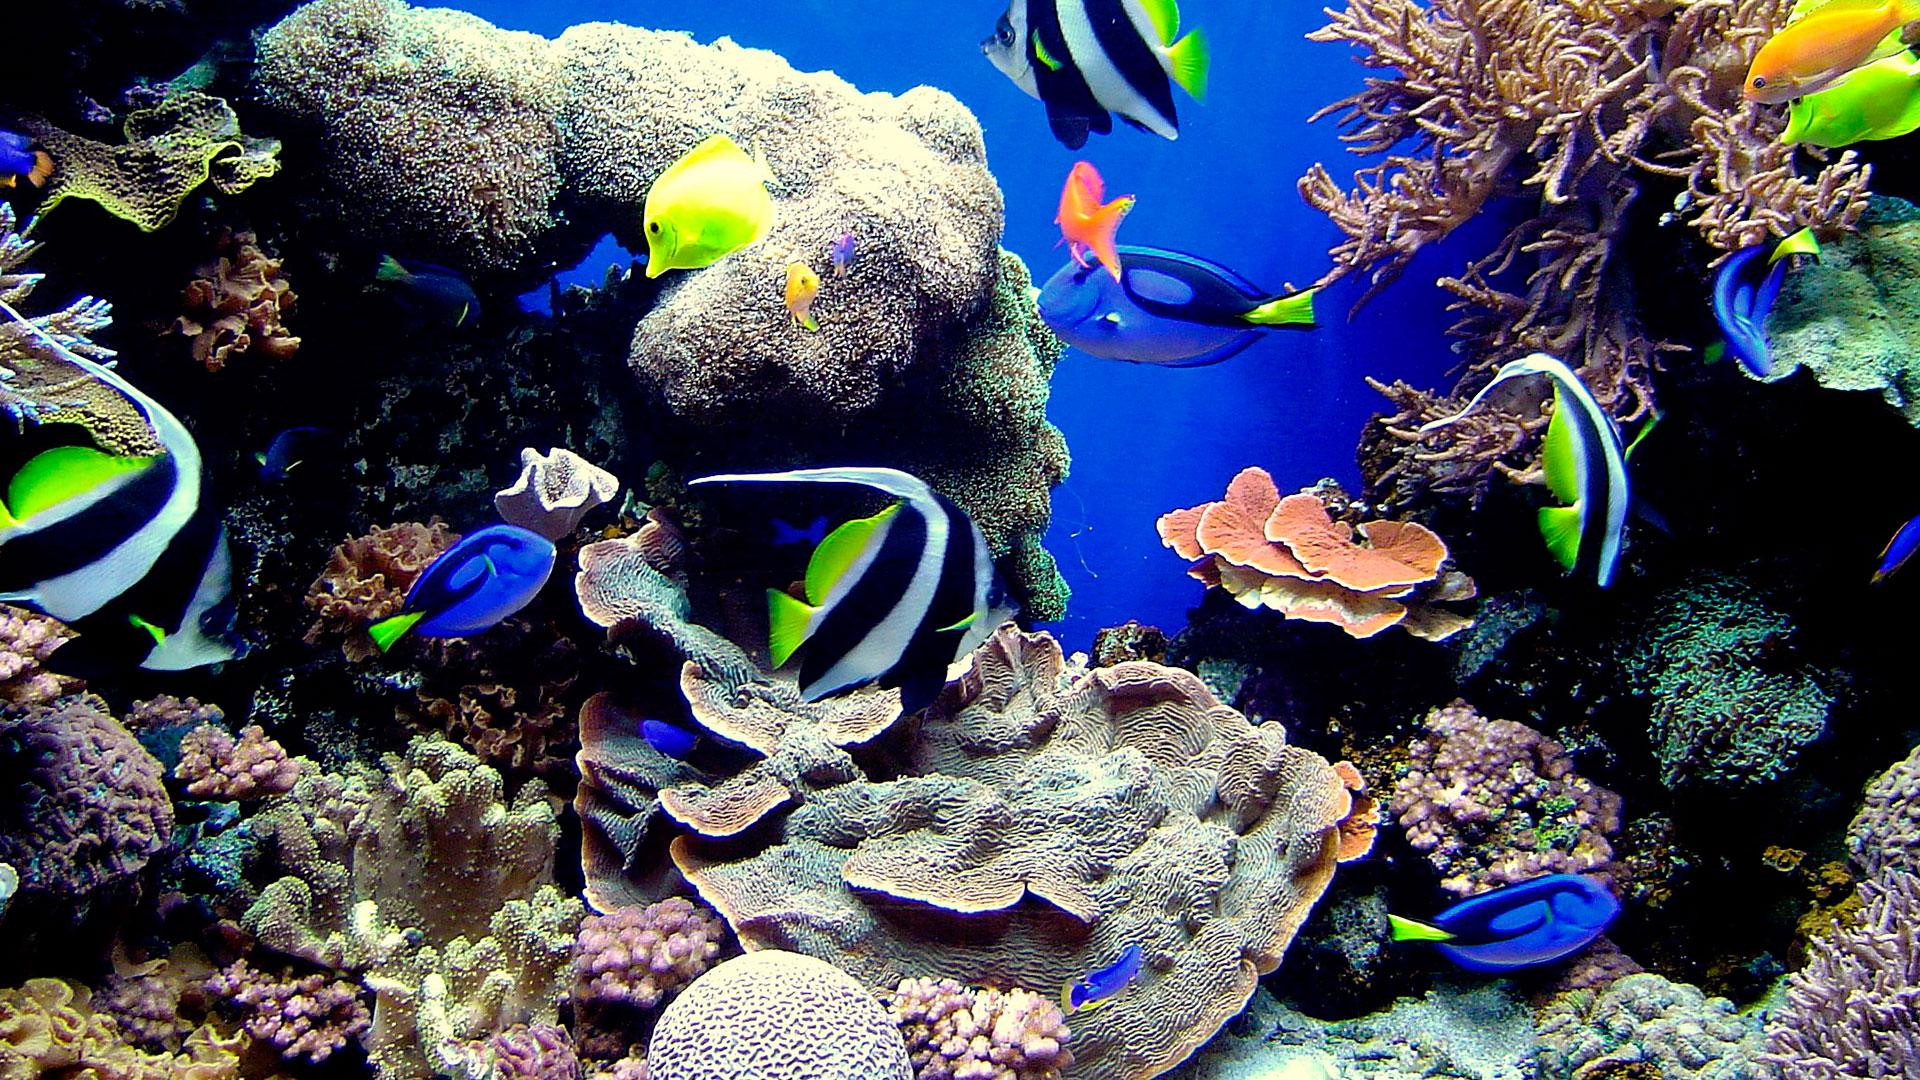 Acuarios marinos o de arrecife acuarios naturales for Peces ornamentales acuarios
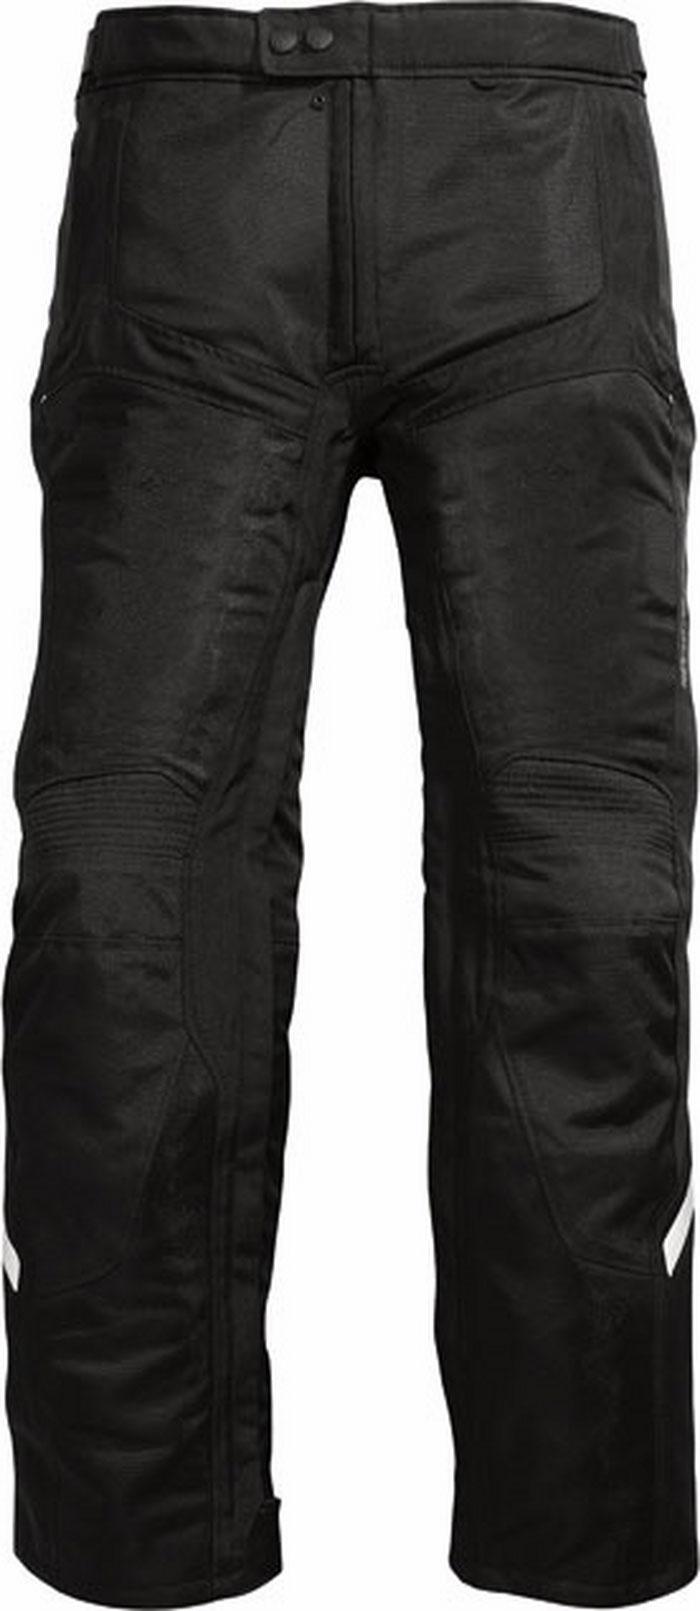 Rev'it Airwave summer motorcycle trousers black
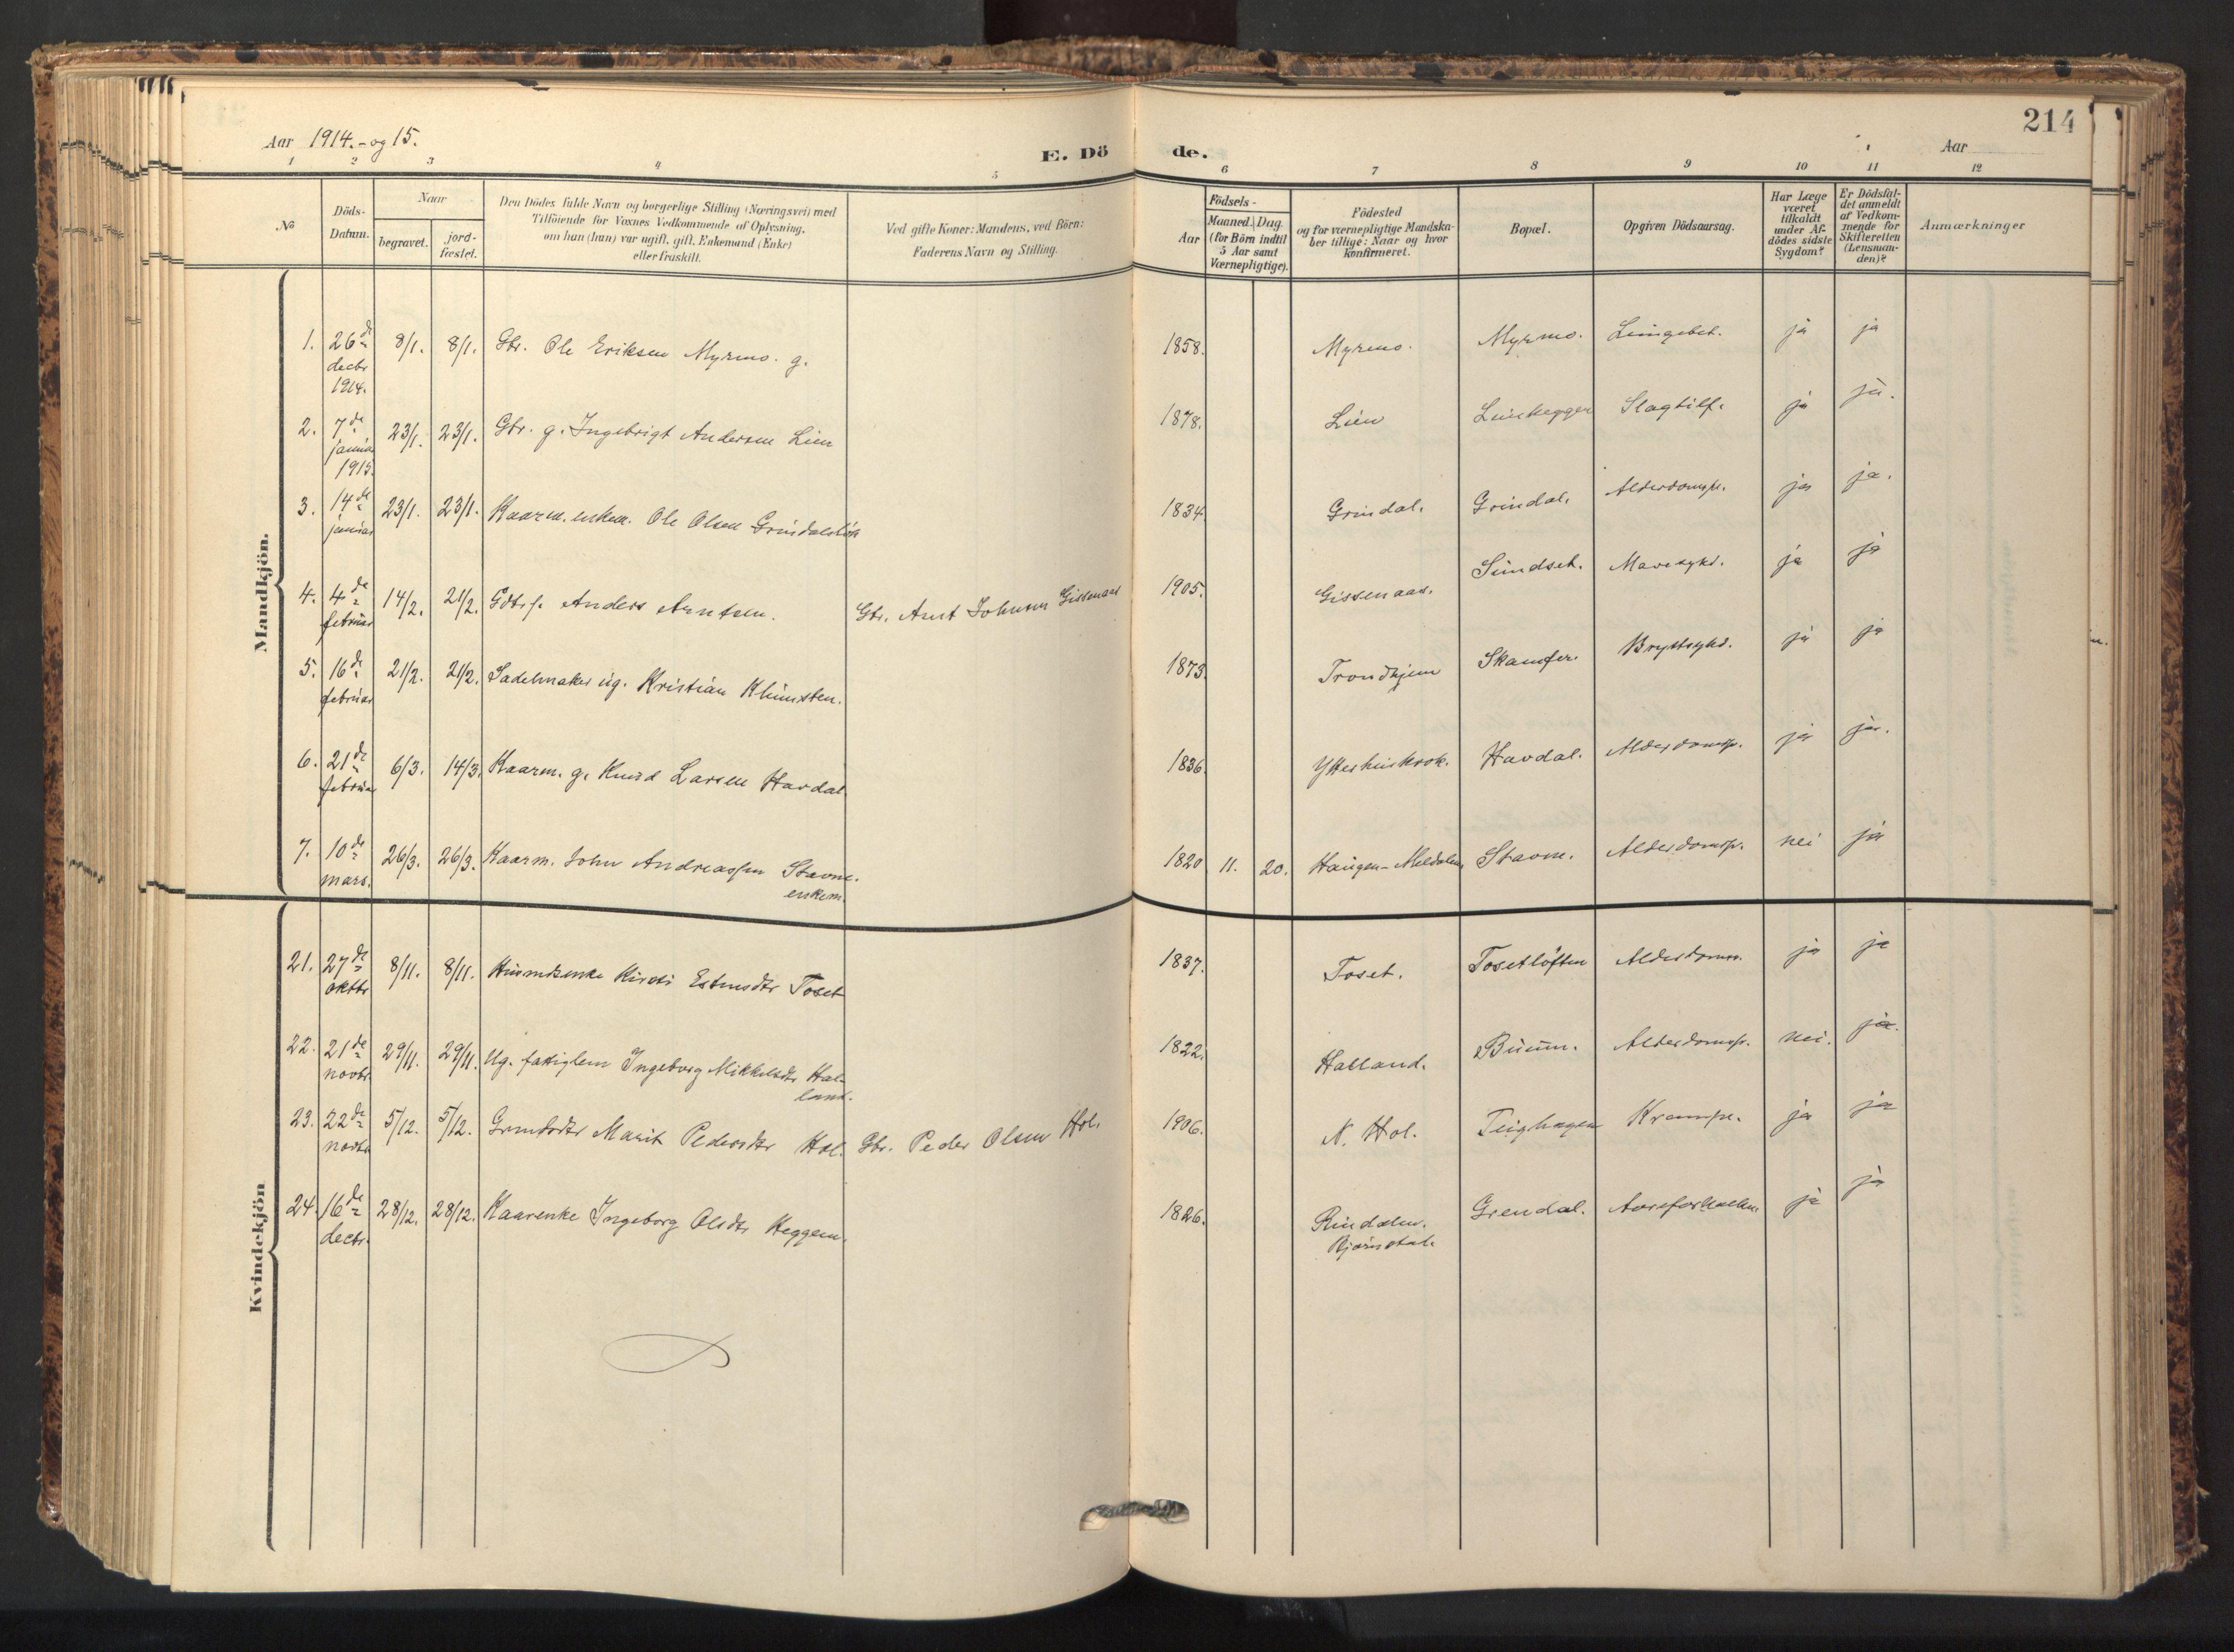 SAT, Ministerialprotokoller, klokkerbøker og fødselsregistre - Sør-Trøndelag, 674/L0873: Ministerialbok nr. 674A05, 1908-1923, s. 214

=====

→ What the task requires
Drop every image, please, and write out the data above exactly as shown.

→ Task solution
 Acuarios marinos o de arrecife acuarios naturales for Peces ornamentales acuarios
 Rev'it Airwave summer motorcycle trousers black
 SAT, Ministerialprotokoller, klokkerbøker og fødselsregistre - Sør-Trøndelag, 674/L0873: Ministerialbok nr. 674A05, 1908-1923, s. 214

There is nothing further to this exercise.